In the run-up to the Christmas holidays, Jessica Elkin casts an eye over Santas data set

I would hate to state the obvious, but unfortunately I am an enthusiast when it comes to anything that is decked in tinsel, wrapped in festive paper, wearing a flimsy purple crown or filled with puzzlingly named not-actual-meat mincemeat. Therefore, good readers, I feel a strong urge to point out that it is, once again, The Most Wonderful Time of the Year.
In between general puerile excitement and eyes-lit-up wonderment at window displays, decorative street lighting and seasonal party invitations, my thoughts have wandered towards Father Christmas, that Coke-guzzling, beardy present-giver. Not long from now, he will be hand-delivering delightful gifts to good children far and wide. The naughty ones will get coal, but no one really minds that because if they wanted proper presents they should have behaved themselves.
Now, I think Santa Claus does an admirable job in difficult working conditions - some of us struggle to choose presents for three family members let alone billions of children - but I have been a little troubled by his gift policy.
Be good, for goodness sake
It seems safe to assume that a child needn't be perfectly behaved 100% of the time. Case in point: I once accidentally tied myself to a pipe in the playground and said I'd been left there by an invented third party to avoid the embarrassment of admitting I'd done it myself - yet my stocking was still loaded with chocolate coins and knick-knacks. So, where is the line drawn in this good-bad dichotomy, and why has it never been specified?
It doesn't feel right not to delineate the rules. One might rather suspect that the same people who choose to hide the actuarial examination pass marks were also involved in Lapland policy-making. Come on, the kids might say, I'd like to know how good my behaviour needs to be so that I can scrape my way into a full stocking while secretly staying up to watch TV past the watershed.
What if little Billy is an angel all year but in a fit of pre-Christmas zeal eats all of the Christmas pudding himself, thus ruining the festive meal for the family? What if Matilda is consistently a horrid brat but has a sudden change of heart in November and decides to devote her time to helping elderly ladies across the road and rescuing kittens from trees? Gifts or coal? And at what point does Santa make these decisions - surely he needs to know in advance so that he makes the right number of presents? Does this not truncate his data set?
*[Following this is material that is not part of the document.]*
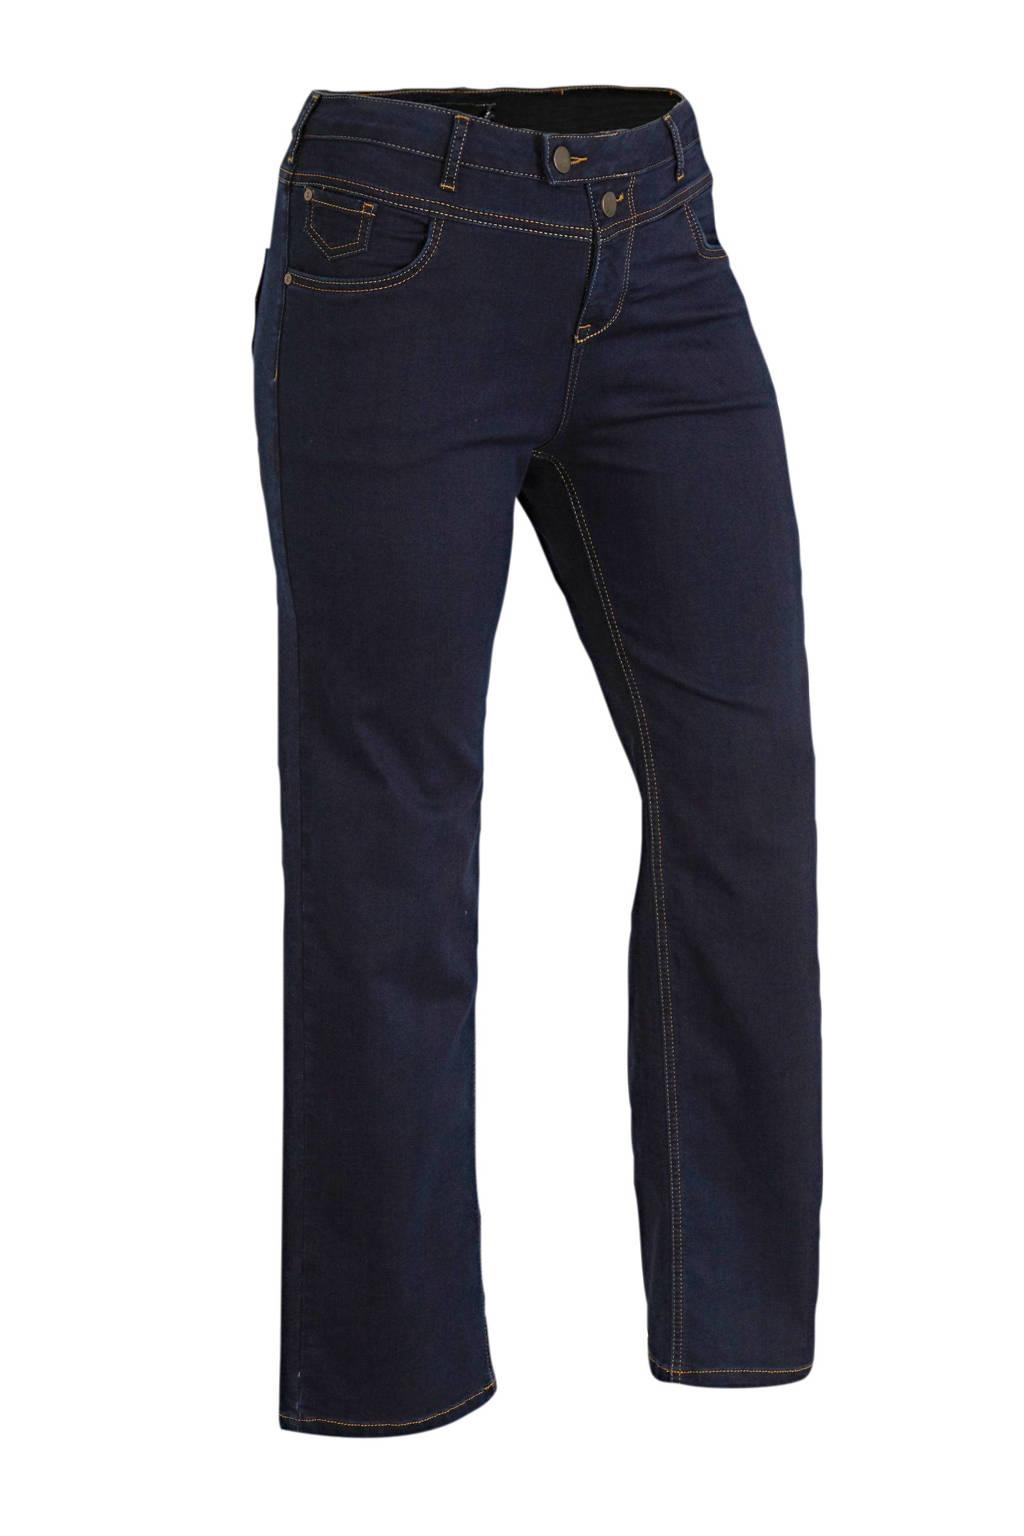 Zizzi high waist straight fit jeans lengtemaat 34, Dark denim

O, come on, all ye faithful
Then again, as with the actuarial examiners, I feel quite sure that Santa has put plenty of thought into devising fair ways of analysing performance. Perhaps he decides how many presents he wants to give, making it easier to deal with production numbers in his toy factory, and assigns children a goodness rating before doling out presents proportionally. After all, this is (roughly) how the Pension Protection Fund decides what levies to charge individual pension schemes, and it seems to work well.
Of course, this still doesn't answer how Santa would assign the ratings in the first place. He could have categories of goodness (friendship, diligence, charity), give a child a rating in each category and create a weighted average depending on what importance he assigns to each category. And he could predict in advance how many presents are needed by getting CT6-qualified actuarial elves to calculate gift reserves. There would still be a fair amount of subjectivity here, but, as with longevity predictions, all anyone can do is be prudent, check the calculations and hope for the best. Presumably, the elves would be doing all of the legwork and Santa would peer review.
I know what you're thinking. Does it really matter? Santa has been doing this a long, long time. He knows what he's about. It's like that with actuaries: we produce numbers and explain their significance, but others must take it in good faith that we know what we're talking about. Santa is an expert at what he does: specifically, making moral sense of the present-giving. And while it may be disgruntling for a child not to know what his 'goodness' pass mark is, all he really has to do is try his best and cross his fingers. A lot of the time, hard work pays off.
And if it doesn't well, fear not, there's always next year.